For me the issue was related to mis-configuration in the ~/.kube/config file , after restoring the configurations using kubectl config view --raw >~/.kube/config it was resolved

Answer 7

In my case, I experienced multiple errors while trying to run different kubectl commands like unauthorized, server has asked client to provide credentials, etc. After spending a few hours, I deduced that the sync to my cluster on cloud somehow gets messed up.
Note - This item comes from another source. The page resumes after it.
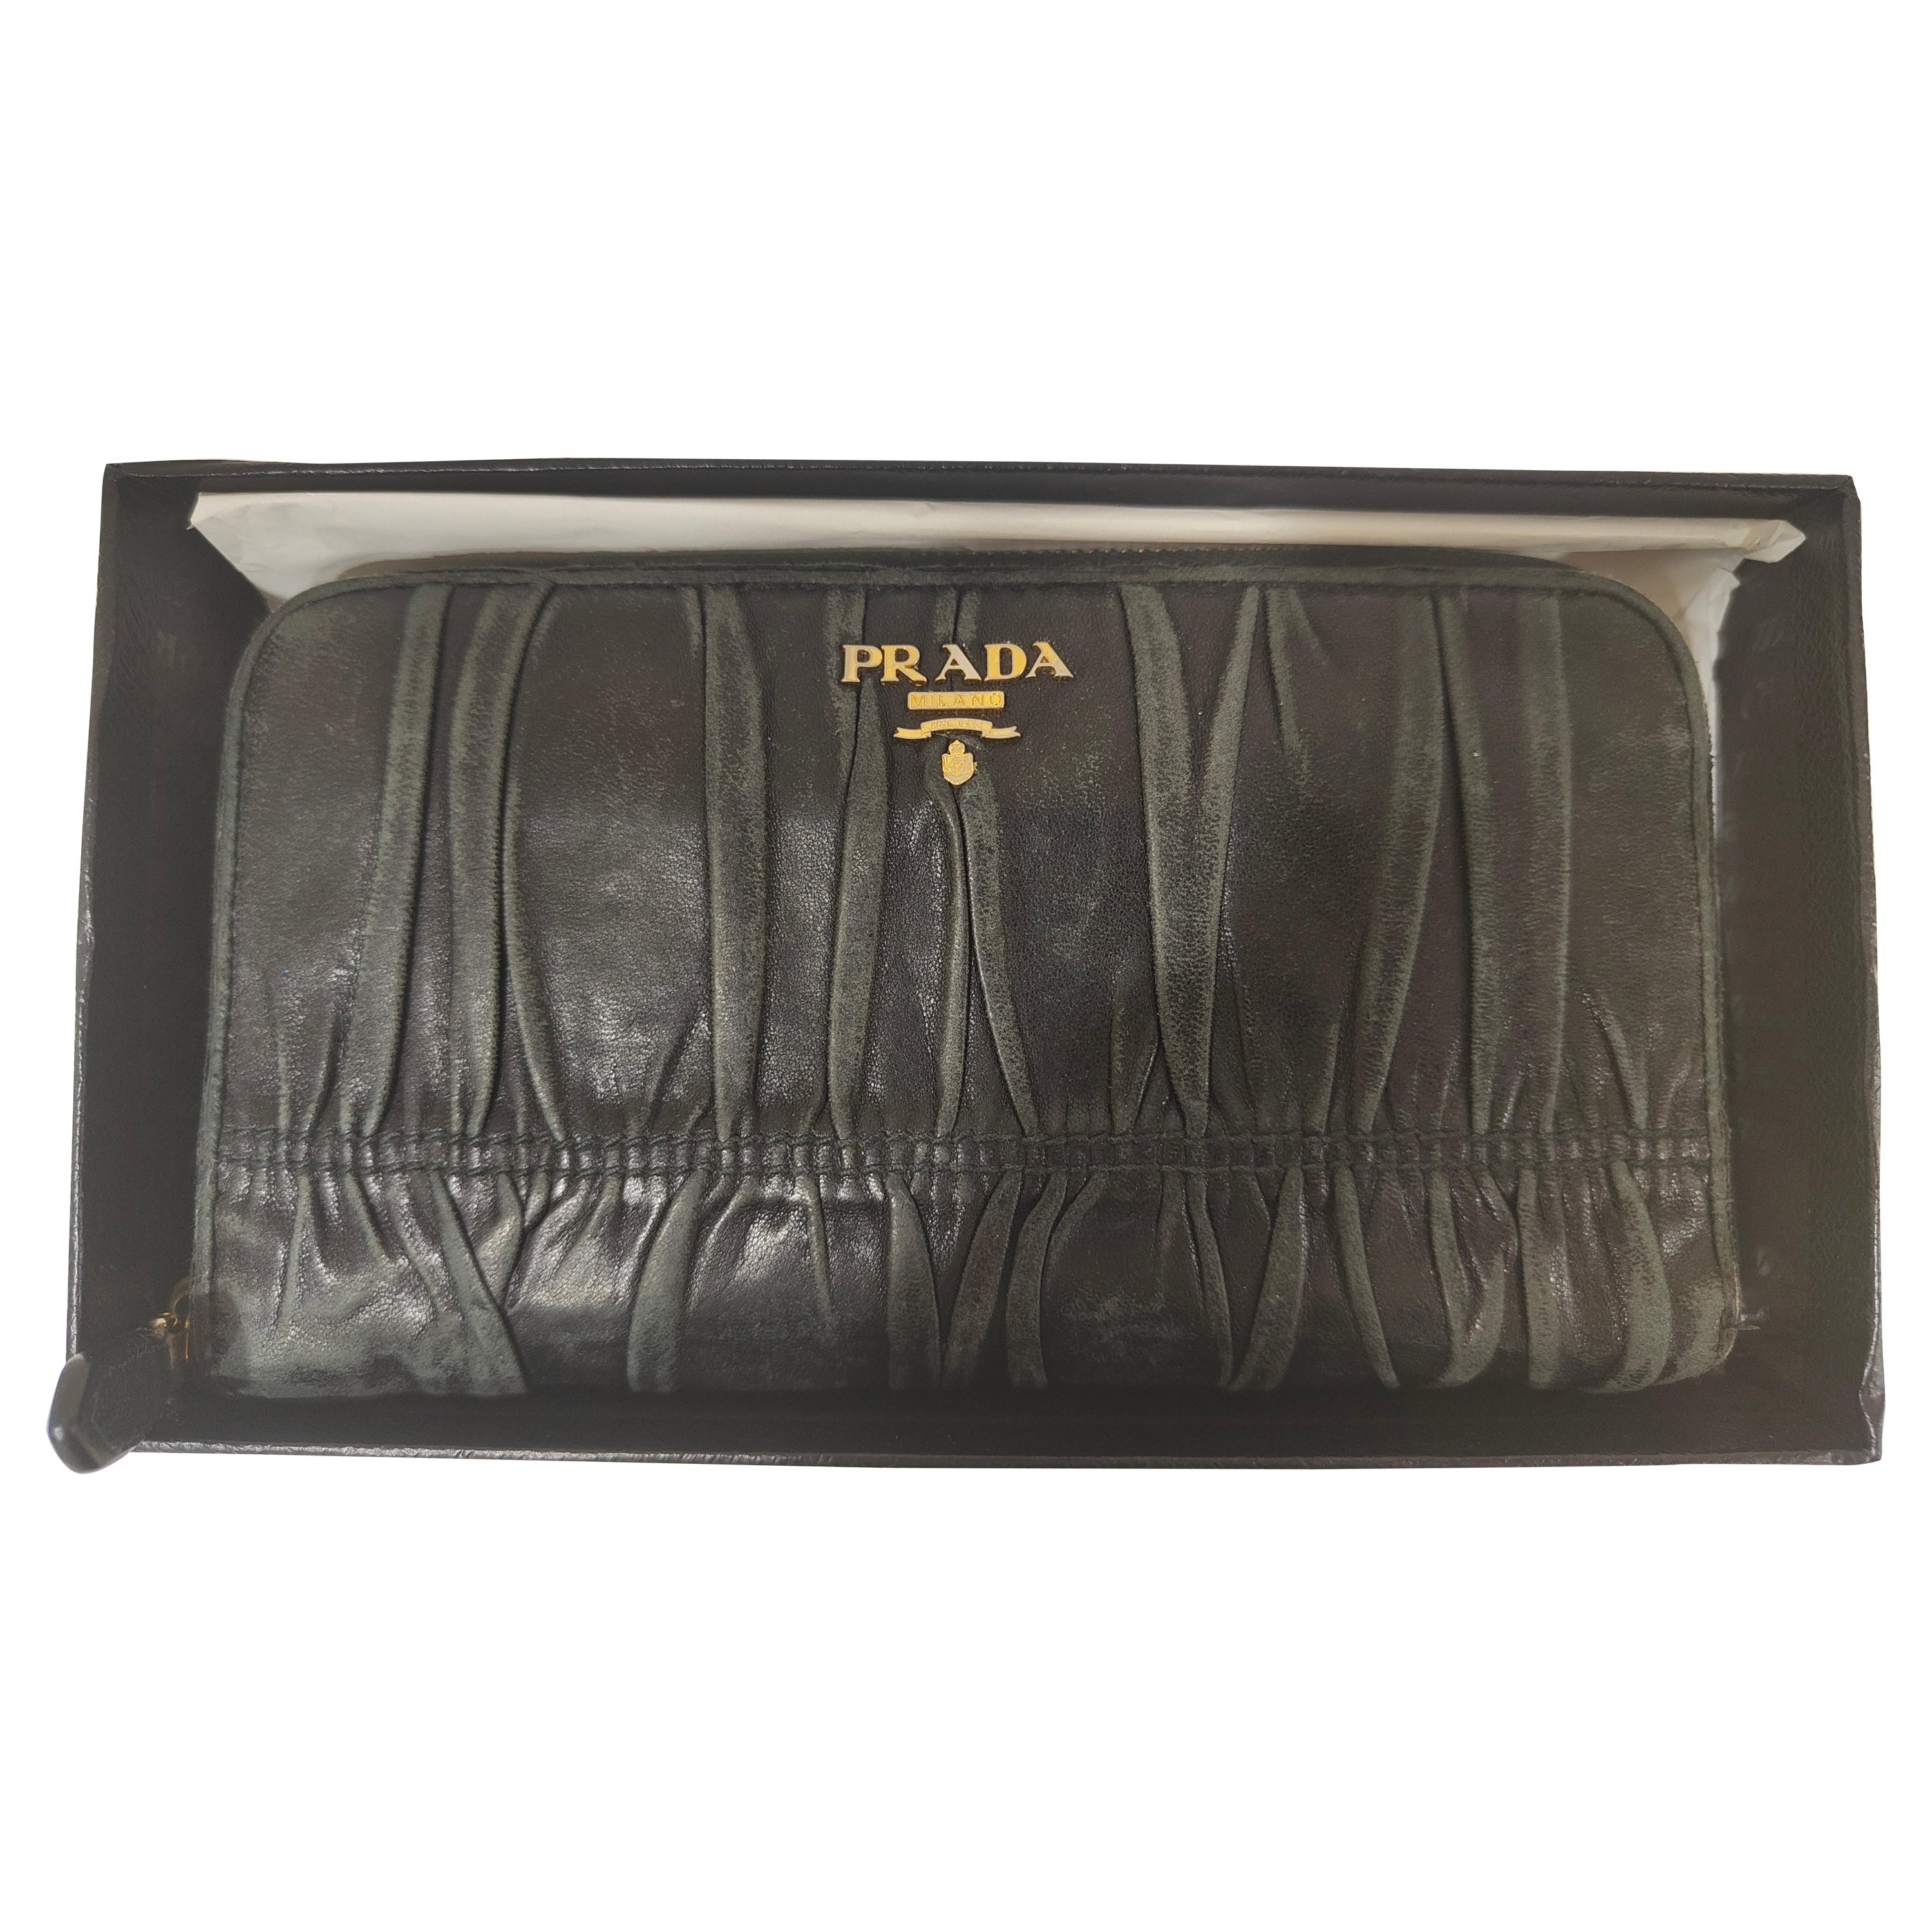 Prada black leather wallet

So I run the following commands to refresh the configuration and it starts to work again:

1. Unset users:

   kubectl config unset users.<full-user-name-as-found-in: kubectl config view>

2. Remove cluster:

   kubectl config delete-cluster <full-cluster-name-as-found-in: kubectl config view>

3. Remove context:

   kubectl config delete-context <full-context-name-as-found-in: kubectl config view>

4. Default context:

   kubectl config use-context contexts

5. Get fresh cluster config from cloud:

   ibmcloud cs cluster config --cluster <cluster-name>

Note: I am using ibmcloud for my cluster so last command could be different in your case

Answer 8

In general, many different .kube/config file errors will trigger this error message. In my case it was that I simply specified the wrong cluster name in my config file (and spent MANY hours trying to debug it).

When I specified the wrong cluster name, I received 2 requests for MFA token codes, followed by the error: You must be logged in to the server (the server has asked for the client to provide credentials) message.

Example:

# kubectl create -f scripts/aws-auth-cm.yaml
Assume Role MFA token code: 123456
Assume Role MFA token code: 123456
could not get token: AccessDenied: MultiFactorAuthentication failed with invalid MFA one time pass code.

Answer 9

Looks like you misconfigured kublet:

You missed the --client-ca-file flag in your Kubelet Service File

That’s why you can get some general information from master, but can’t get access to nodes.

This flag is responsible for certificate; without this flag, you can not get access to the nodes.